In Friend of India, Nabababubilas was praised –" the character of the work, as well as its allusions and similes, are purely native, and this imparts a value to it, superior to that which could be attached to a similar representation from a European pen... though the work is highly satirical, some of its strokes of ridicule" are also visible. "...we cannot venture to pronounce it a caricature...it illustrates the habit and economy of rich native families, and affords us a glance behind the scenes."

- Dyutibilash (1825): This is a versified description of parties arranged by high society women concerning eroticism (passion) as well as devotion.
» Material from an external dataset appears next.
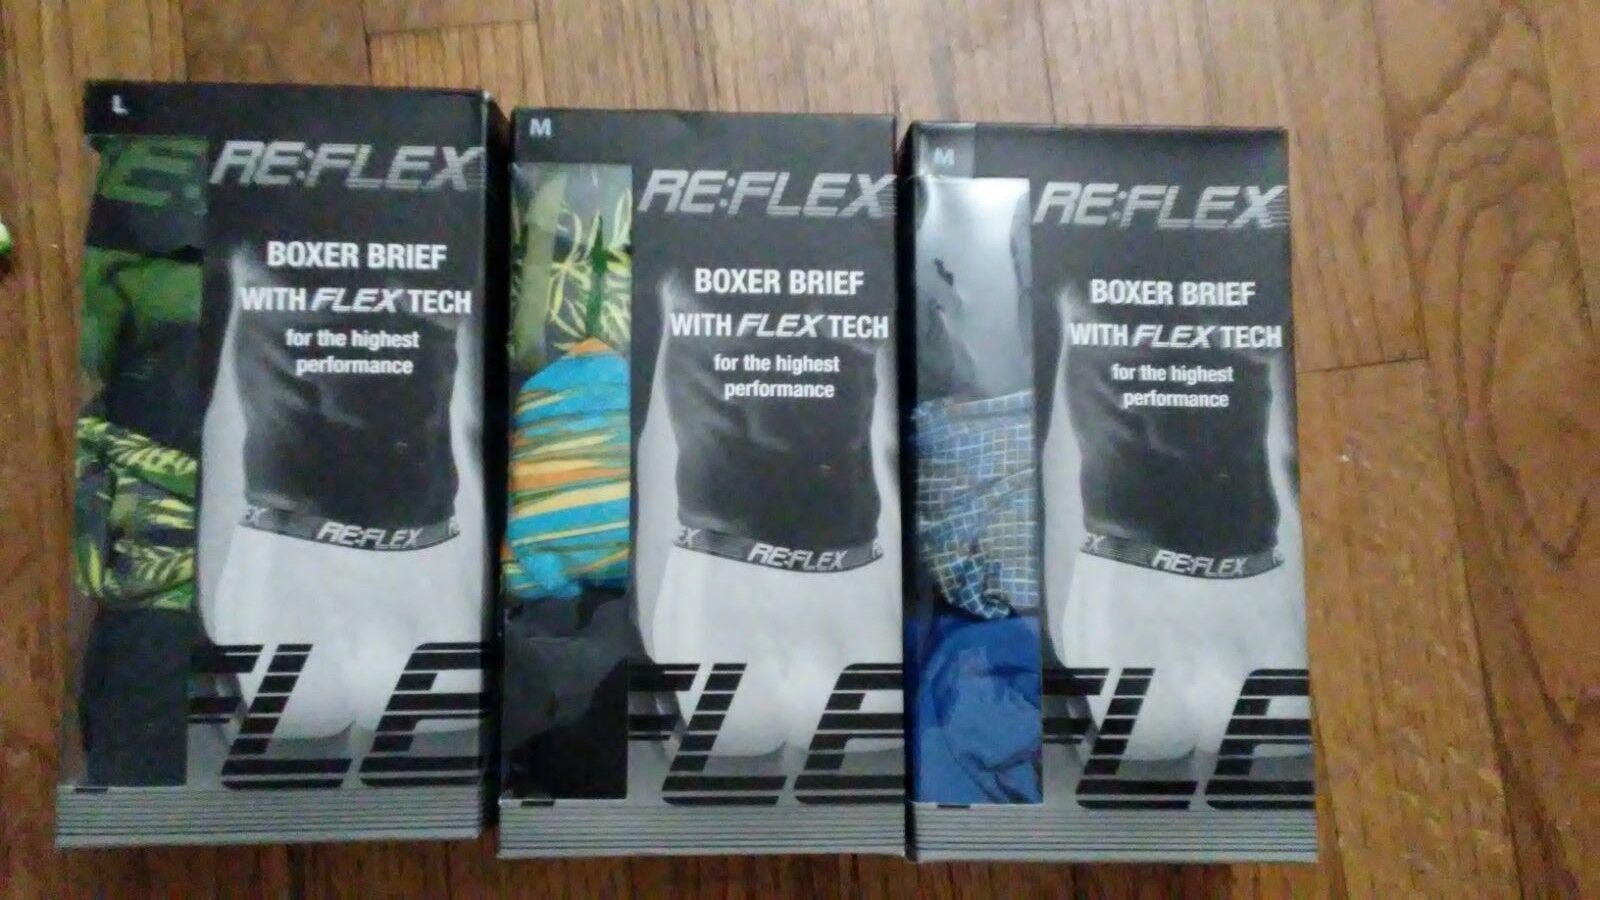 Reflex Boxer Briefs With Flex Tech For The Highest Performance M L XL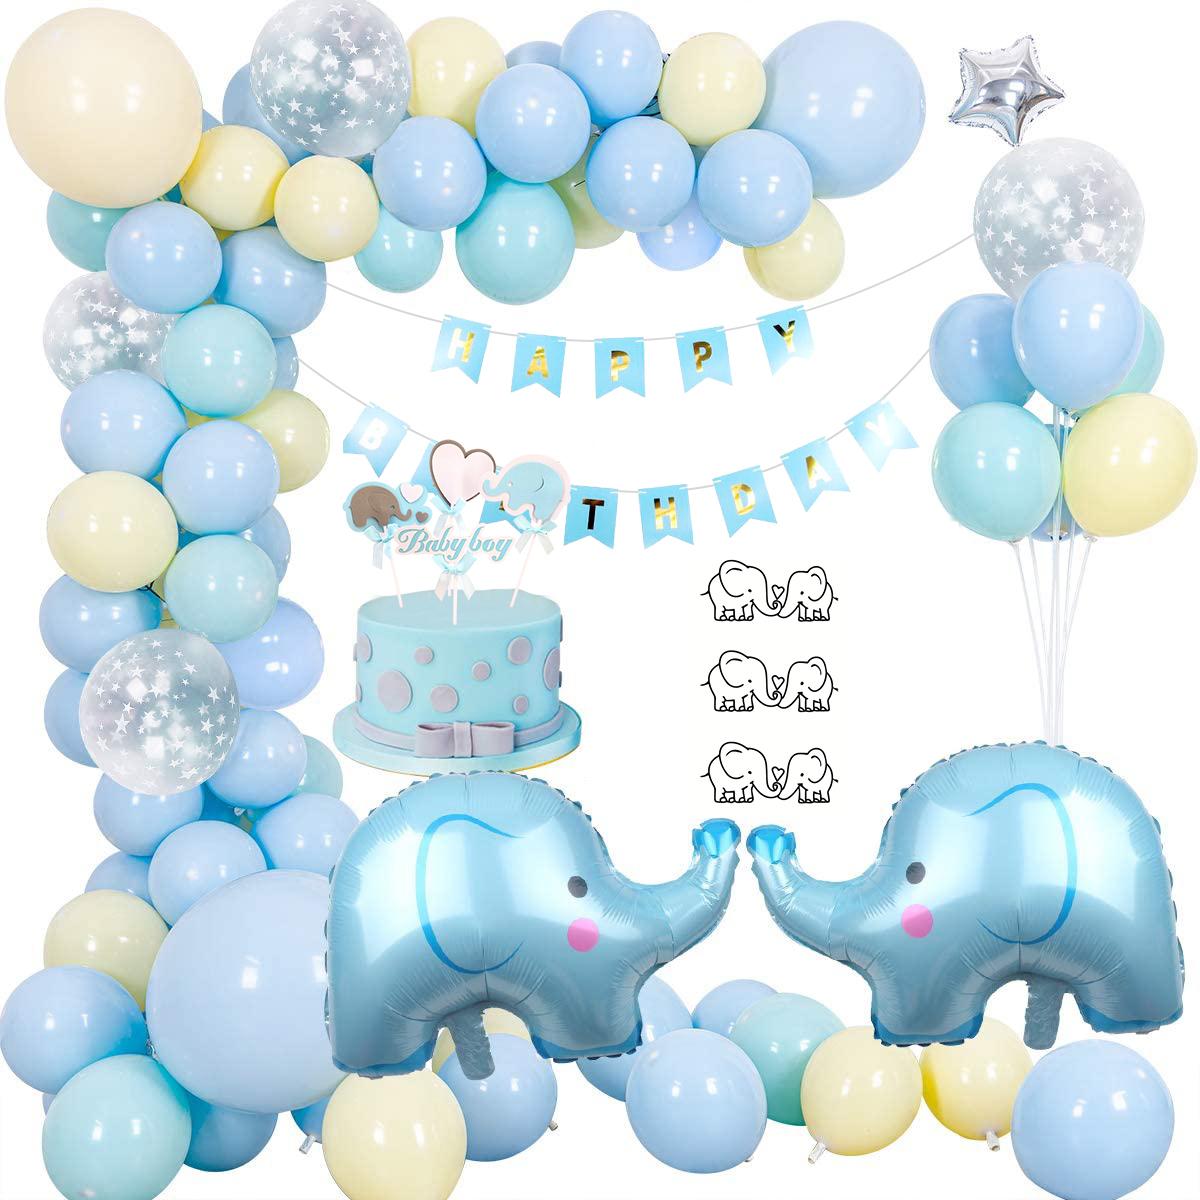 Blue Elephant Birthday Party Decorations Birthday Party Balloon ...

- Nababibibilash (1831): This book was written as a companion piece to "Nabababubilas", describing similar acts & habits of the wives of the rich men.
- Sri Sri Gayatirtha Bistar: Its first edition was published in 1831, and the second edition was published in 1843. It is composed in verse form and is a mythological work.
- Ashcharya Upakhyan (1835): It narrates the glorious deeds of one Kalishankar Roy, a zamindar. It is written in verse form.
- Purushottam Chandrika (1844): It contains special description and tales of various places in and around Puri, Bhubaneswar, etc.

===Edited texts===
The ancient Sanskrit texts, edited and published by Bhabani Charan, are briefly described below:-
- Hasyarnava: The special edition of the original book, written by Jagadiswar, was perhaps released in the decade between 1830 and 1840 by Bhabani Charan. It was on the directions of Bijoy Govind Singh, who was the author of a history book called Rajabali.
- Srimadbhagavata: This was published in two parts in the form of ancient manuscript in 1830.
- Prabodhchandrodaya Natakam: The edition of the original book was written by Srikrishna Mishra, and was released in the form of ancient manuscript in 1833.
- Manusamhita: This was published in the form of ancient manuscript in 1833.
- Unavimsha Samhita: This was published in the form of ancient manuscript, most probably in 1833. The collections were Angira, Aapastamba, Atri, Shankha, Shatatap, Dakshya, Goutam, Harit, Katyaon, Likhit, Parashar, Sambarta, Ushana, Vishnu, Brihaspati, Vyas, Yagnabalkya, Yama and Vashistsamhita.
- Sribhagvatgita: This was published in the form of ancient manuscript in 1835.
- Raghunatha Bhattacharyakrita Ashtavimshati Tatva Navya Smriti: This was published in the form of ancient manuscript, most probably in 1848.